Aside from Tijuana’s mayoral race, where Mr. Garza is a front-runner, the larger pool of independents this cycle isn’t gaining as much attention as 2015. Last year was the first time independents could run following a 2012 change in electoral law. In some cases, so many independents have entered races that they appear to be splitting votes. But analysts also point to "El Bronco’s" success as part of the reason independents aren’t shining as bright this year.

Established parties have adapted some of the language and campaign tactics that helped the likes of El Bronco rise to power, says Mr. Wood. “A lot of party politicians have jumped on board with the anticorruption message popular with independents, saying ‘we are less corrupt than the other party,’” he says. “Fighting corruption has become part of the national discourse.”
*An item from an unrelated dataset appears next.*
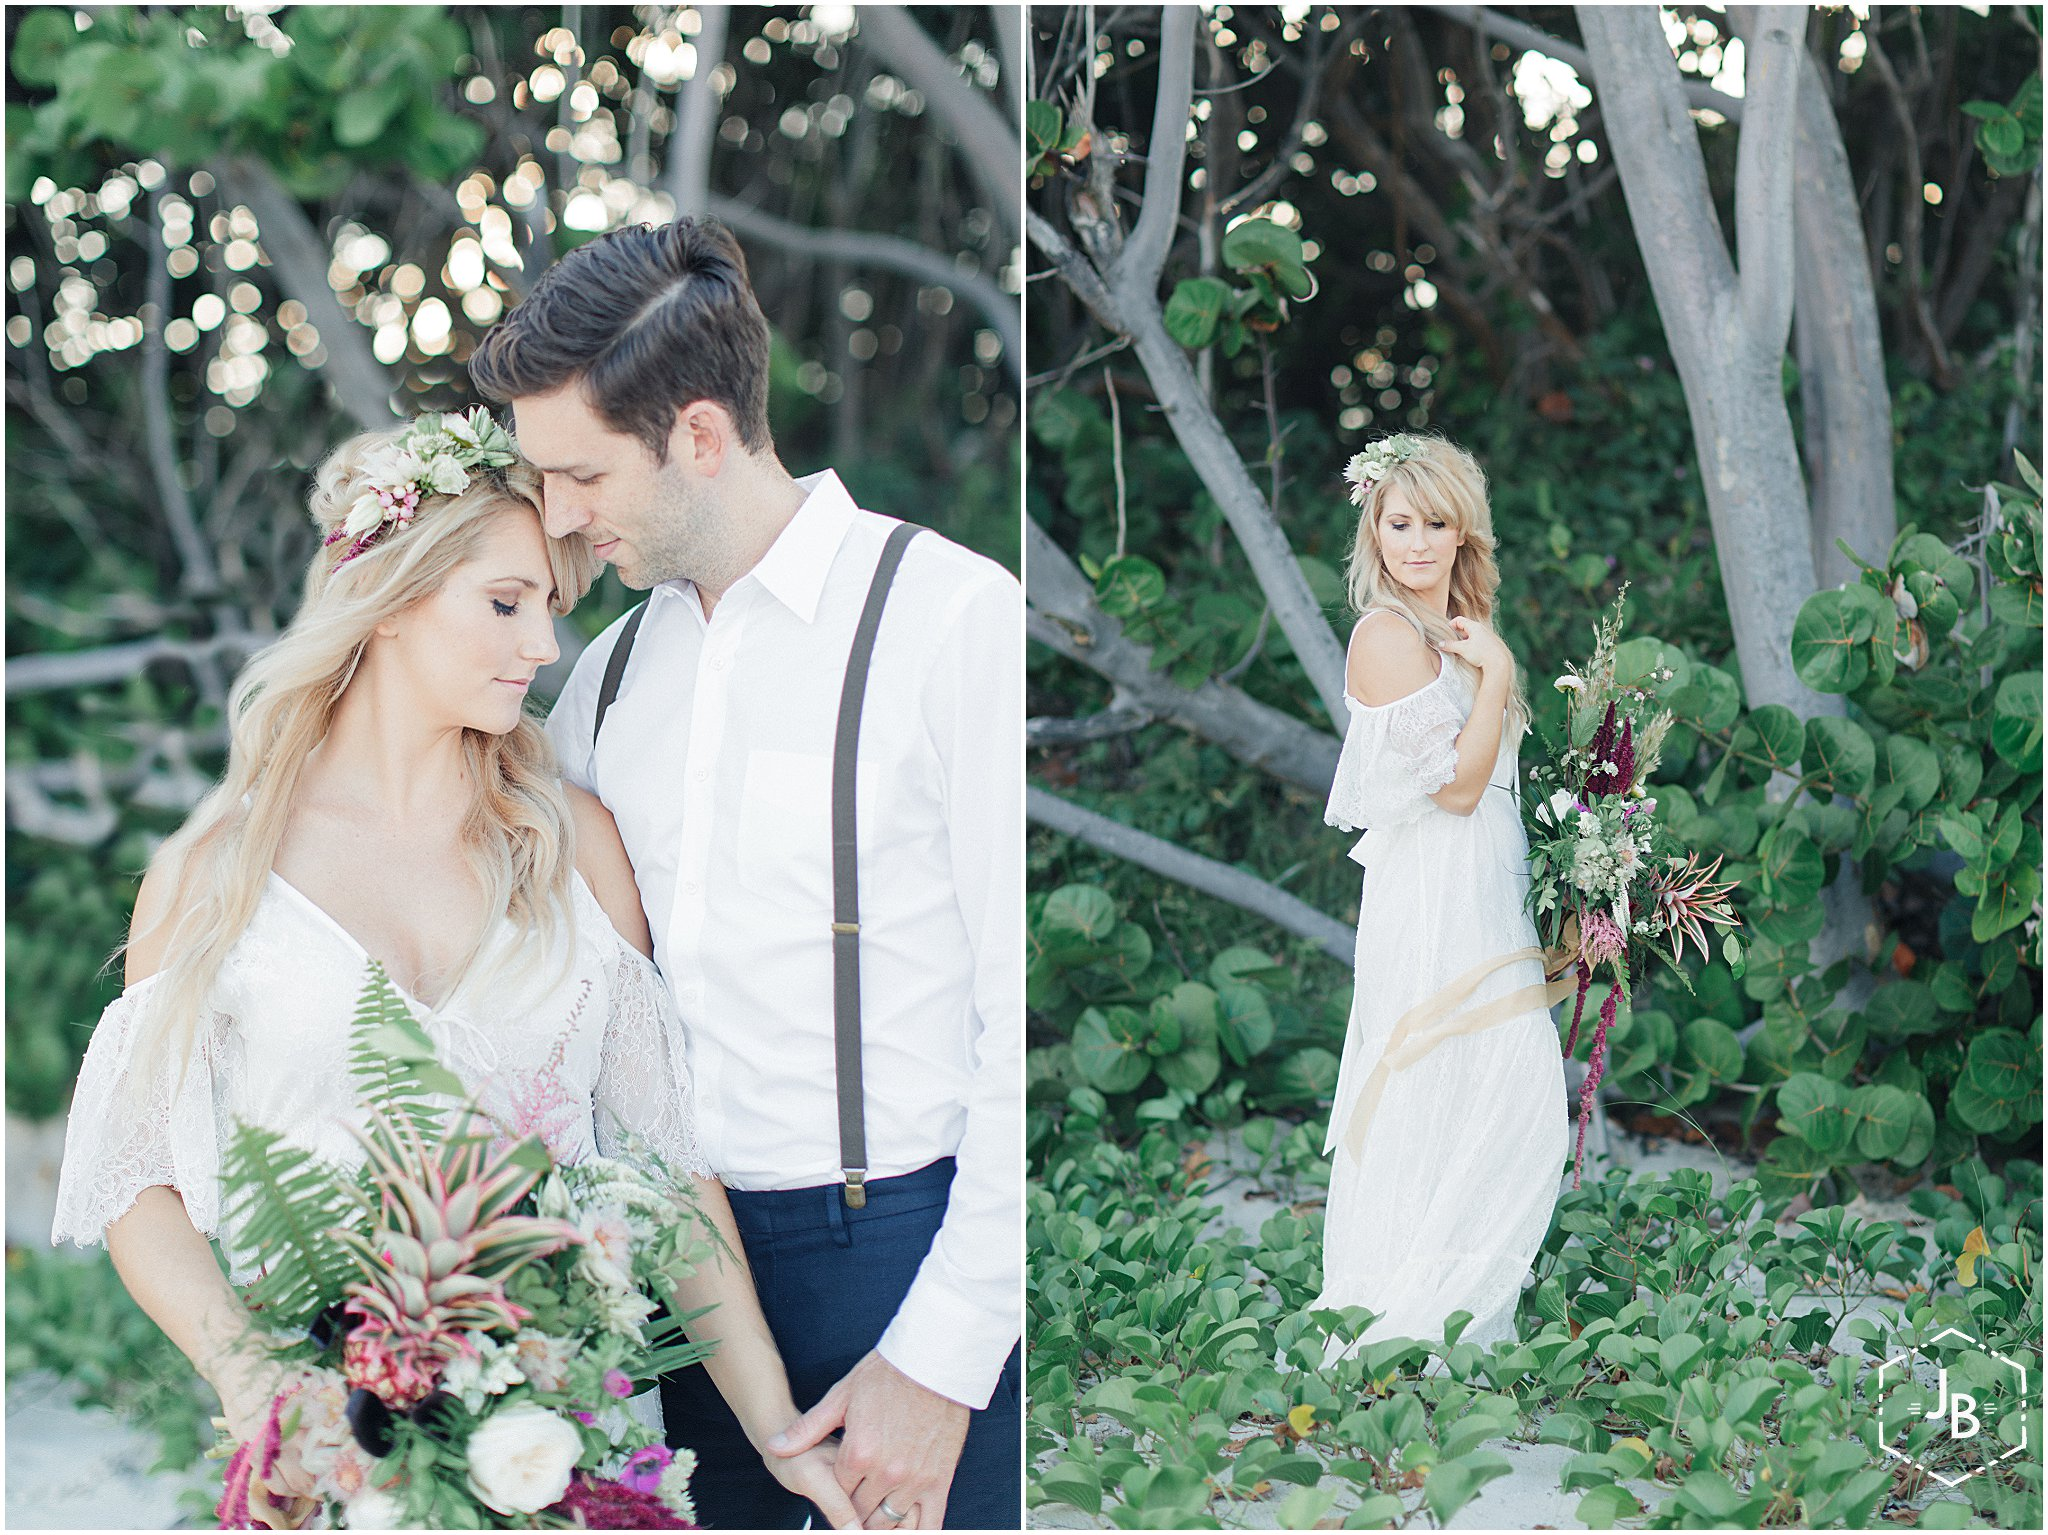 WeddingandEngagementFloridaPhotographer_1358.jpg

Corruption and “impunity are key problems of our contemporary political system,” says Mr. Poiré. But, “it’s not that simple to implement anti-corruption and anti-impunity measures. Outcomes and results take a little longer than expected, and people can grow restless,” he says.

That’s been the case for Lara Teresa Orozco, pushing a stroller in Monterrey’s historic center on a recent afternoon. “I’d have to say I’ve been a little disappointed,” with El Bronco, she says. She voted for him last summer after years of voting PRI. But Ms. Orozco says her dissatisfaction has less to do with missteps in office and more with her own expectations.

“You just start to believe with all the speeches that choosing someone who isn’t part of [an established party] will be the answer to Mexico’s problems. Not a small step to change, but the step that changes everything,” she says.

More transparency

Mr. Rodriguez (El Bronco), who took office in October 2015, had a rocky start. Within the first five months of his administration, five members of his cabinet – each hand picked for their ties to the community or leadership history, not party affiliation – resigned. Most cited “personal reasons,” though the final exit, by Rogelio Benavides Pintos, was pinned to the government’s purchase of 200,000 blankets at inflated prices. Mr. Benavídes Pintos was involved in the scandal and stepped down so that there could be a transparent investigation, he said, something many observers pointed to as a positive.

“In terms of El Bronco’s government, I think it’s too early to judge in terms of policy change,” says Poiré. So far he’s cut state spending by roughly $92 million and focused on strengthening his cabinet. “But a couple of indicators are uplifting and optimistic, [like] the emphasis on transparency and on the participation of different groups in civil society in shaping the agenda. And more importantly the dedication to mechanisms for follow-up,” like the state’s “Citizen Council,” which gives more platforms for constituent voices and feedback in the governing process.

El Bronco says he and his team spend roughly three hours a day answering thousands of messages from voters on social media, and he freely shares his phone number with anyone who asks.

“The people are now asking their governor to do something. They have access to him and can say, ‘Hey, do something about this,’” he said during a press conference earlier this year. "That's a good thing," even if it's criticism, he said.

Poiré sees two different party strategies in combating independents this election and down the line. “In certain locations where parties felt independent candidates would be particularly attractive, there were efforts this year to make it harder for independents to register,” he says. “But the broader movement has been to think about ways independent candidates might actually … decentralize the vote” and work as a tool for one established party against another, he says.

He expects the independent candidate phenomenon to keep gaining steam here. And even if party machines keep adapting to the new kids on the block, it’s not always about winning, Poiré says. “Independents are raising new issues and pushing new agendas,” he says.

“It’s a very welcome development for Mexico."